Project Manager, Telkom R&D: “The issue is how to monetise mobile broadband”
Hadi Hariyanto is the Project Manager of Telkom R&D, the R&D arm of Telekom Indonesia. He is speaking on Day Two of the LTE Asia 2012 conference, taking place on the 18-19 September 2012 at the Marina Bay Sands, Singapore. Ahead of the conference we catch up with him about the LTE deployment challenges facing Indonesia.
What have been the main developments and major milestones for you over the last 12 months with regards to LTE?
In 2011 we completed LTE trials at the Telkom R&D Center, in collaboration with Telkomsel Indonesia (as Telkom’s subsidiary company). The LTE system uses FDD with 5MHz channel bandwidth and operates at 2100MHz and 1800MHz spectrum.
What business models would you say are best for monetising LTE?
I consider LTE to be a pipe that provides mobile broadband connectivity through macrocells, metrocells, picocells, and femtocells and wireless routers for indoor wifi hotspots. Operators should not only rely on connectivity offerings but also various value-add applications and services on top of the network, such as Mobile Cloud Computing, M2M and application stores. This will make LTE smarter.
How important are small cells to your network roll-out plans?
Small cells solutions are an integral part of LTE deployments and are required to increase effective capacity within the target areas, and to provide better indoor solutions.
What impact will technology such as IMS and Joyn have for you?
IMS will enable seamless continuity between multimedia sessions. However, the existence of various service platforms and internet applications (SDP) means IMS will not be the only solution for delivering application-based services. Joyn will enable users to be able to enjoy RCS services based on IMS through, for example, RCS-e/Joyn client applications. Telkom is still studying how to implement and deliver RCS services to subscribers.
Do you think that VoLTE will have an impact and if so, in what time frame?
VoLTE will have a major impact after operator confidence in it is high enough to phase out circuit switched voice, which may be happened around five years from now.
There has been successful downward pressure on roaming charges within the EU – is this also an issue for you?

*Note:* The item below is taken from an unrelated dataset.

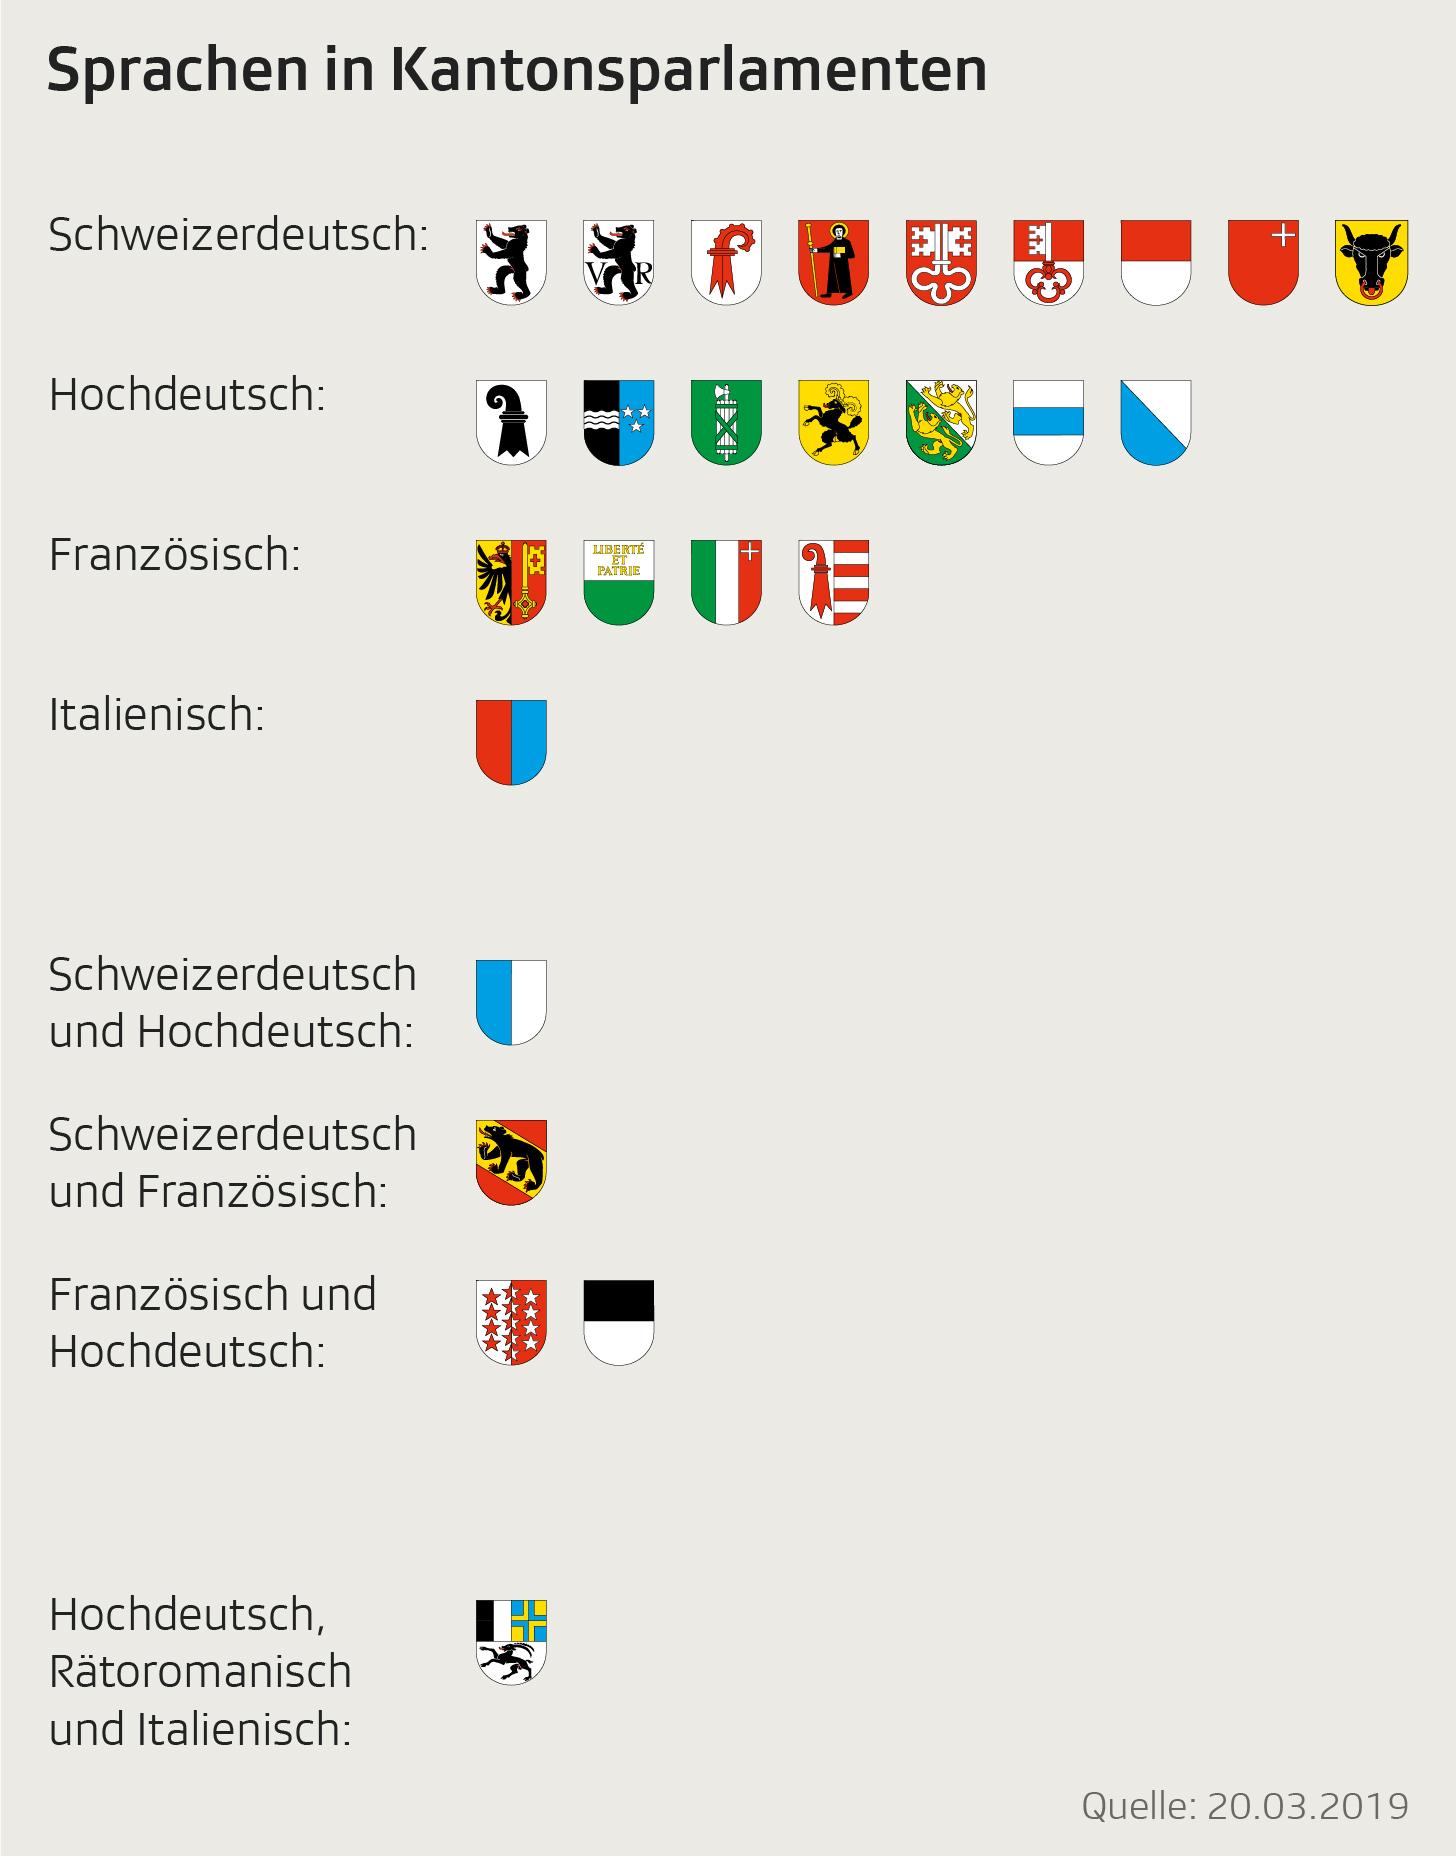 Liste zeitg, welche Sprache in den Kantonsparlamenten gesprochen wird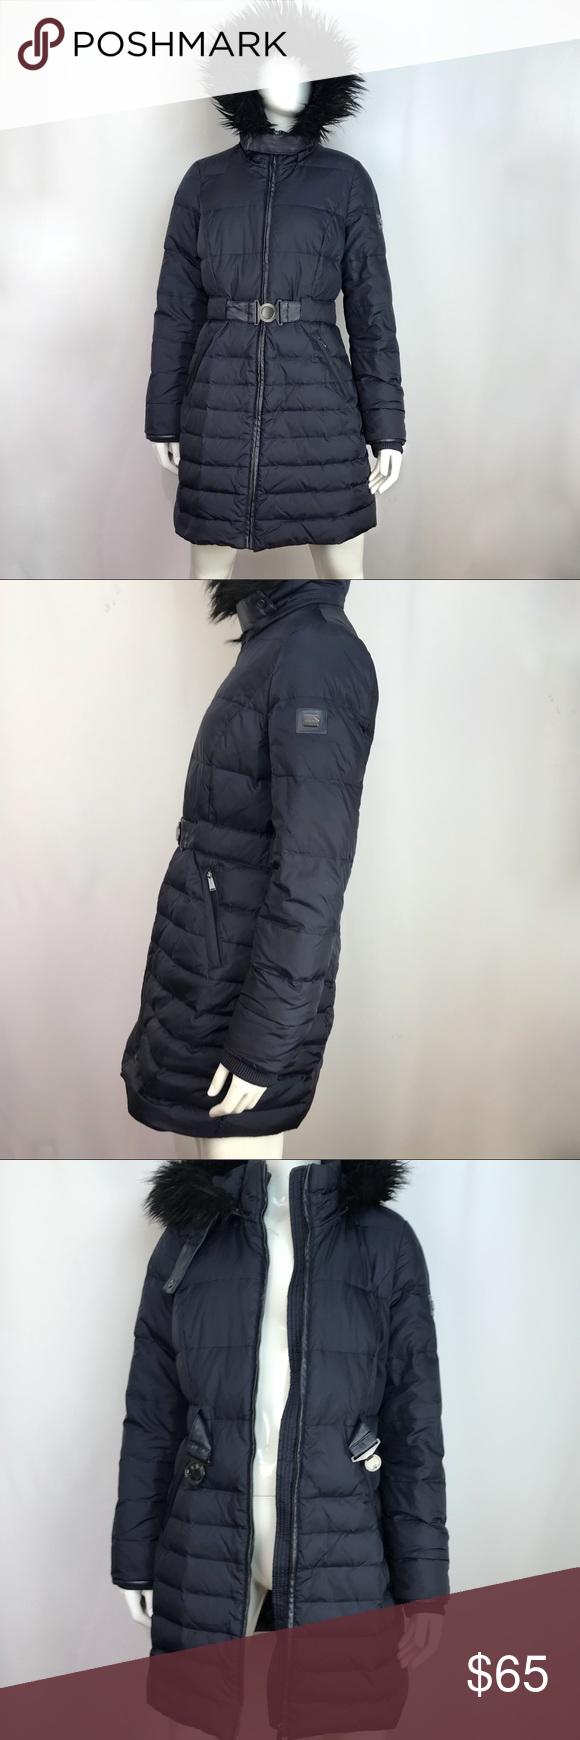 Dkny Navy Blue Hooded Coat Utility Parka Jacket Dkny Navy Blue Hooded Coat Utility Parka Faux Fur Removable Jacket Sz M In Pr Hooded Coat Parka Jacket Jackets [ 1740 x 580 Pixel ]

In Indonesia, pressure comes from competition; On-Net calls are almost free. National roaming is not an issue. International roaming costs are still very high compared to the prices for local/national calls.
Do you think that network sharing between operators is necessary to make LTE roll-outs affordable?
Yes, iIt is very important. Site acquisition contributes the major costs of cellular roll-outs. In Indonesia, a high number of operators means per-operator bandwidth allocation is limited. As a result operators should think about several options, including network sharing, which is relatively less expensive compare to merger or acquisition. Currently, network sharing is feasible using B2B schemes, while spectrum sharing is not clearly regulated.
Is there enough innovation occurring in the mobile network industry? Can you provide some examples?
As far as I know, the innovation comes from devices, application stores and social media (OTT). Recently this has been making mobile broadband more attractive in Indonesia. However, I do not see significant innovation of services coming from the mobile network industry, including those in the LTE ecosystem.
What are the main challenges you expect to face in the next 12 months?
The issue is how to monetise the mobile broadband business. LTE is just another pipe. Unfortunately, connectivity is a flat tariff, and become cheaper and cheaper due to hyper- competition. Voice is continuously declining, it’s a must, but not necessarily contribute the major revenue generator. Operators should enter the device and application businesses, which are very fragmented and competitive. Another issue is how to make enough LTE spectrum available in Indonesia with channel bandwidth wide enough for each operator (at least 30 MHz). This problem is still unsolved by government. As a result, it is slowing down LTE deployment in Indonesia.